▸ Task brief: Locate "Bébé garçon ressemble" in the data below, then output the line it is on and all following lines through the last, word for word. Skip any pictures.

▸ Information supplied:
___

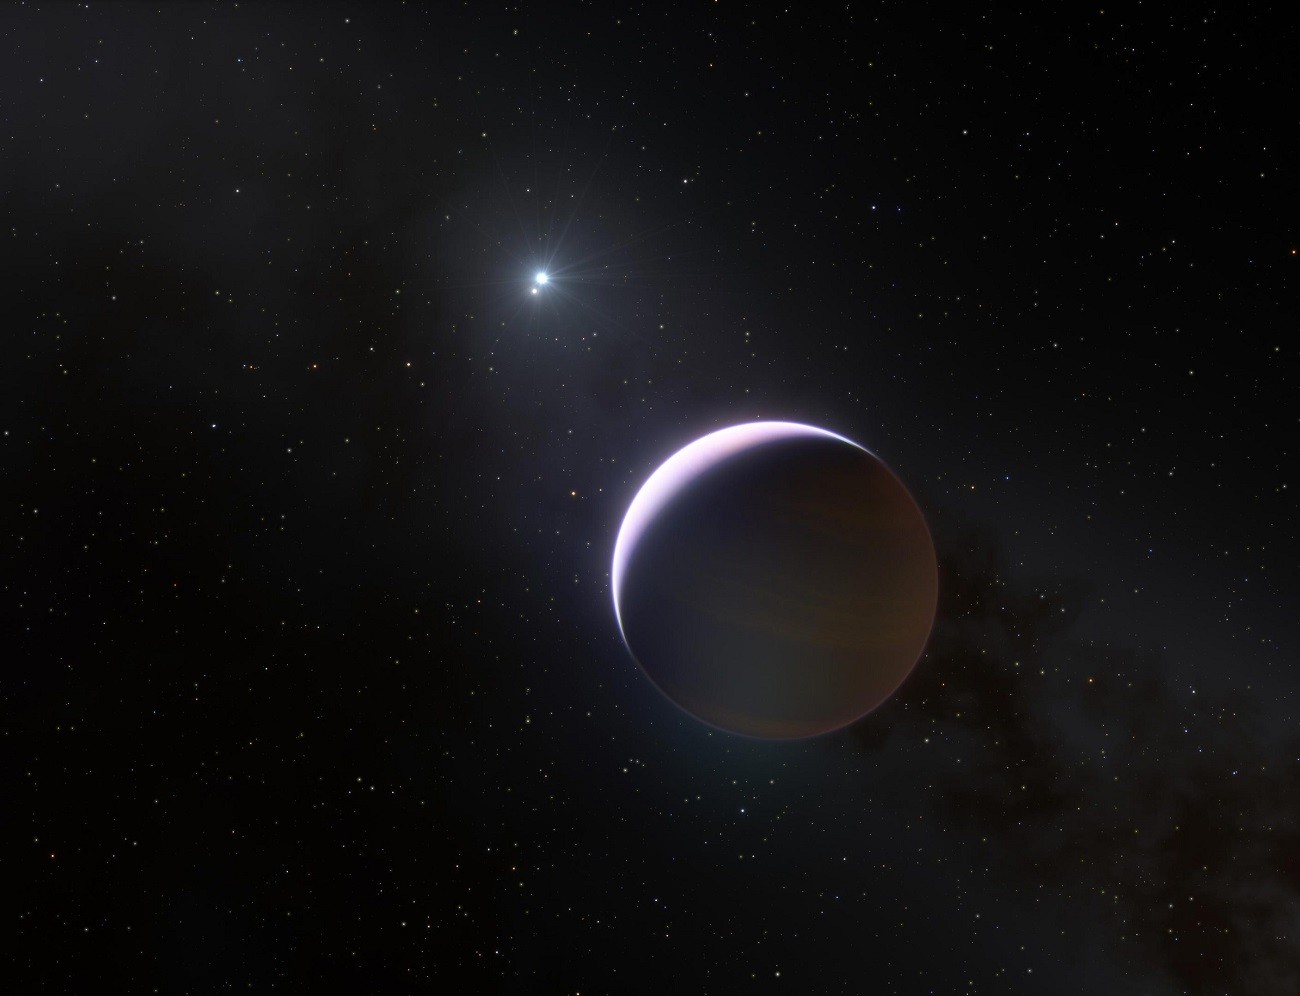 Nigdy wcześniej nie zaobserwowano planety wokół tak masywnej gwiazdy. Aż do teraz
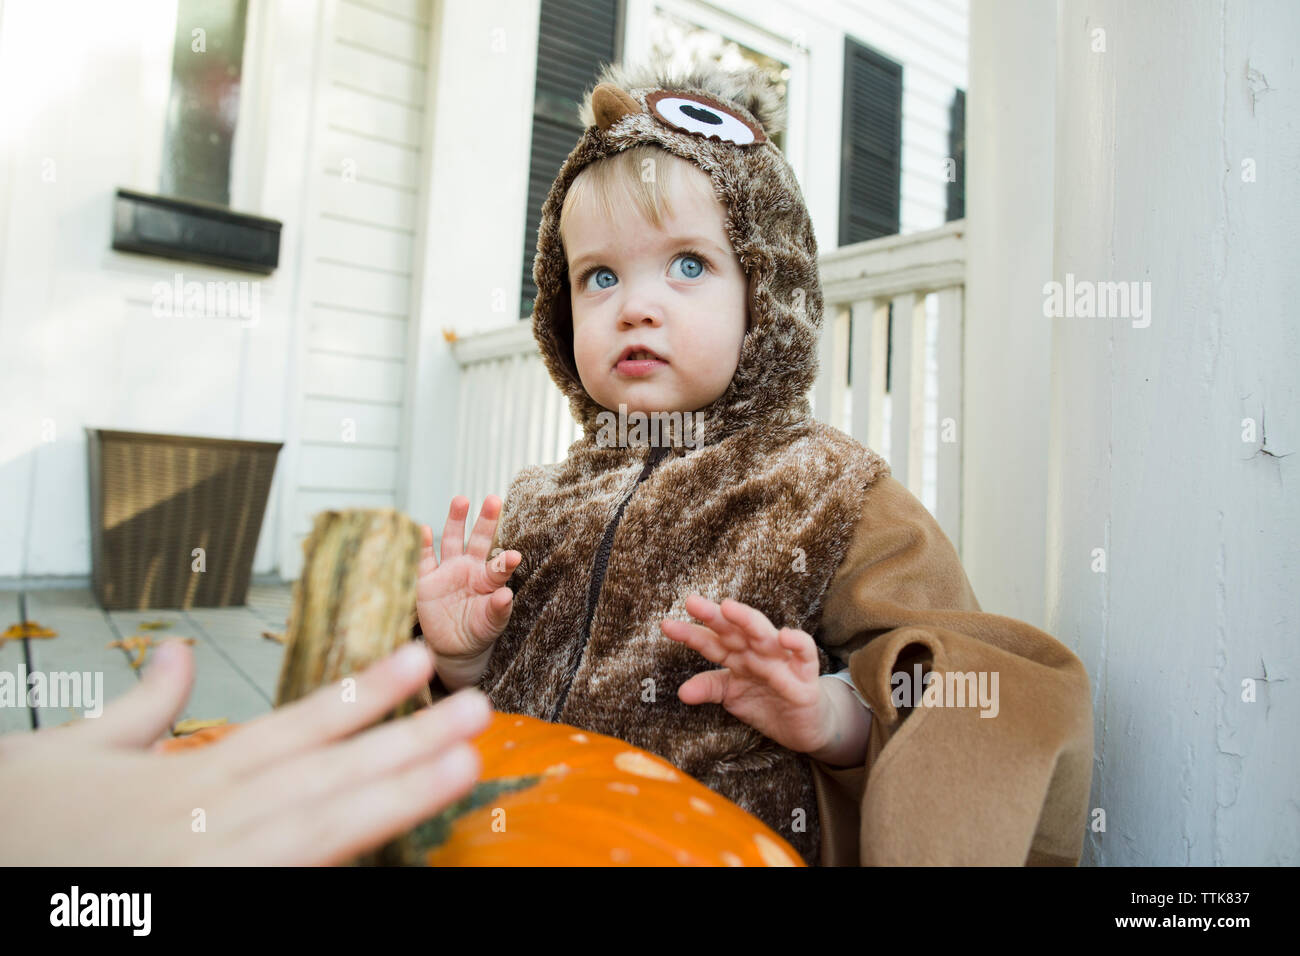 Bébé garçon ressemble à distance pendant qu'habillés en costume Halloween Banque D'Images
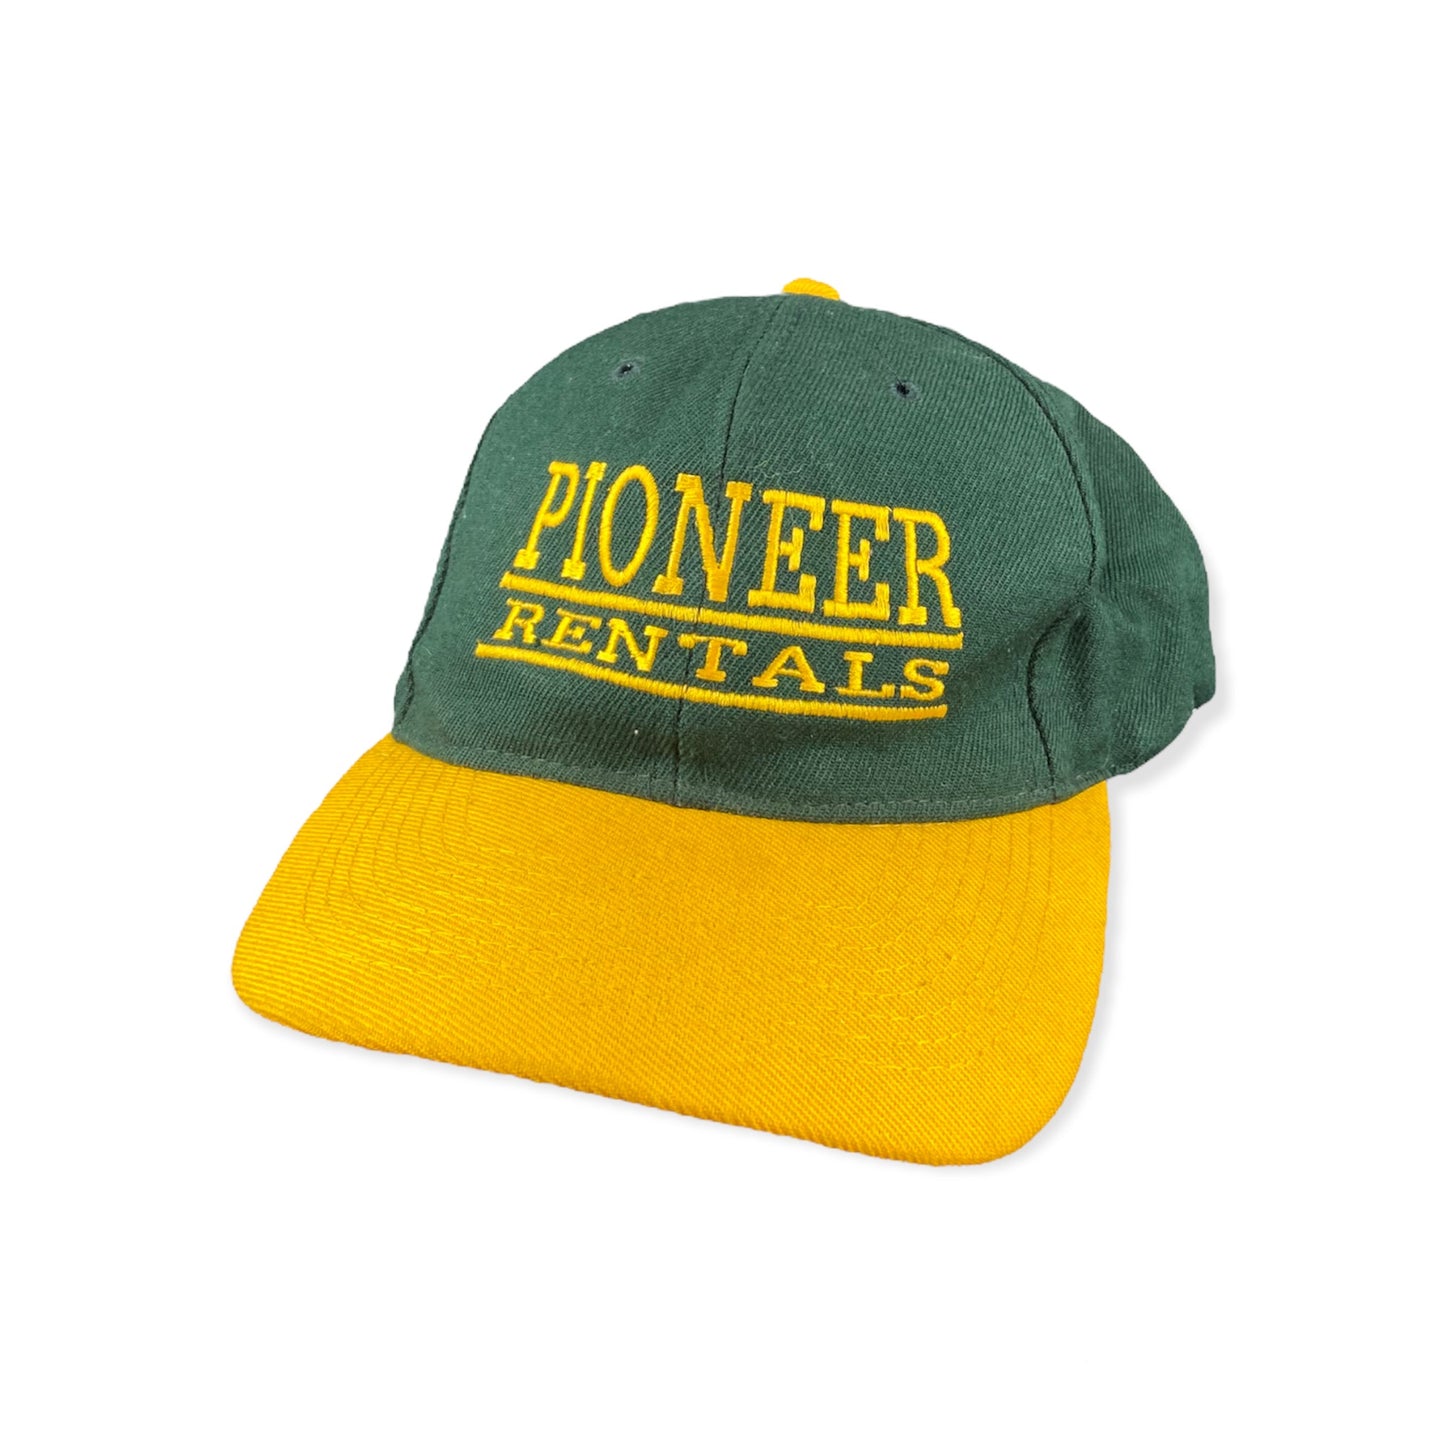 Pioneer Rentals Cap
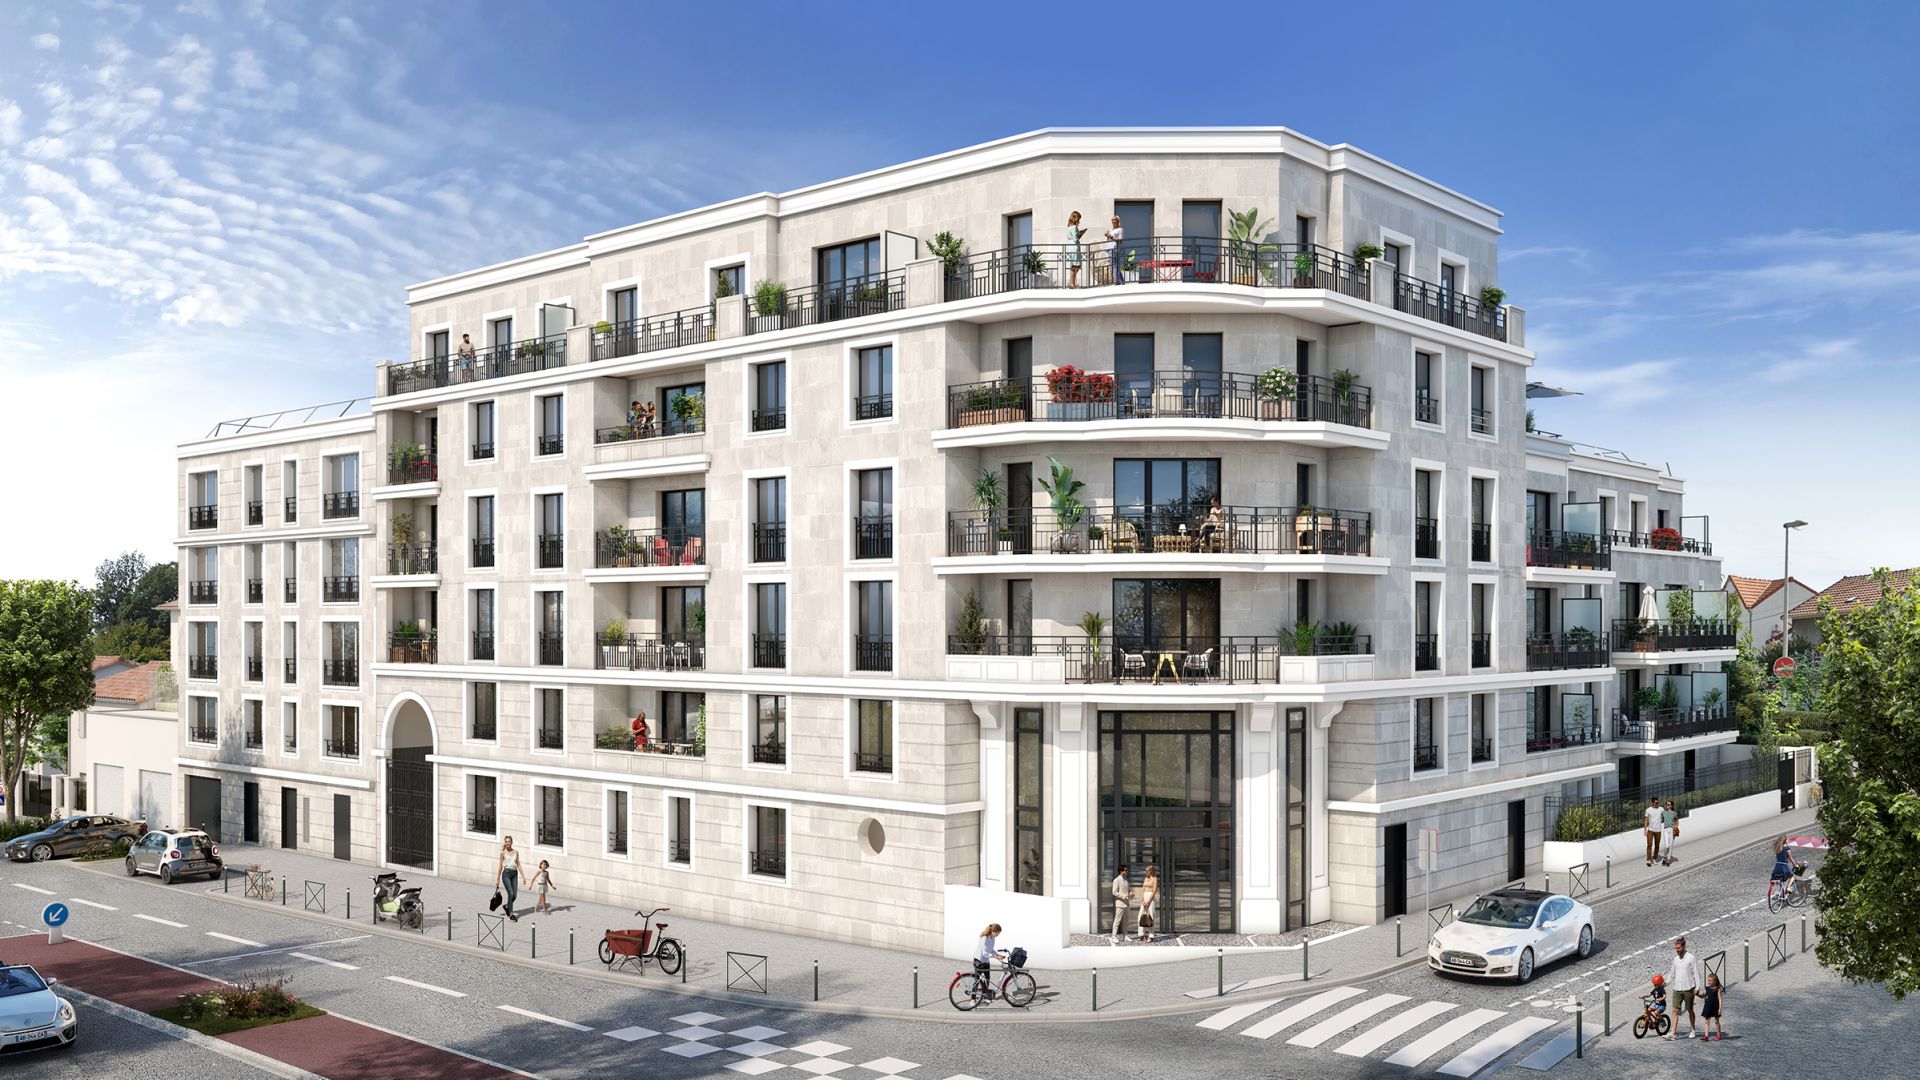 Greencity immobilier - achat appartements neufs du T1 au T4 - Résidence Le Boréal - 94170 - Le Perreux-sur-Marne

___

▸ Finished task:
 Bébé garçon ressemble à distance pendant qu'habillés en costume Halloween Banque D'Images
 Pioneer Rentals Cap
 Greencity immobilier - achat appartements neufs du T1 au T4 - Résidence Le Boréal - 94170 - Le Perreux-sur-Marne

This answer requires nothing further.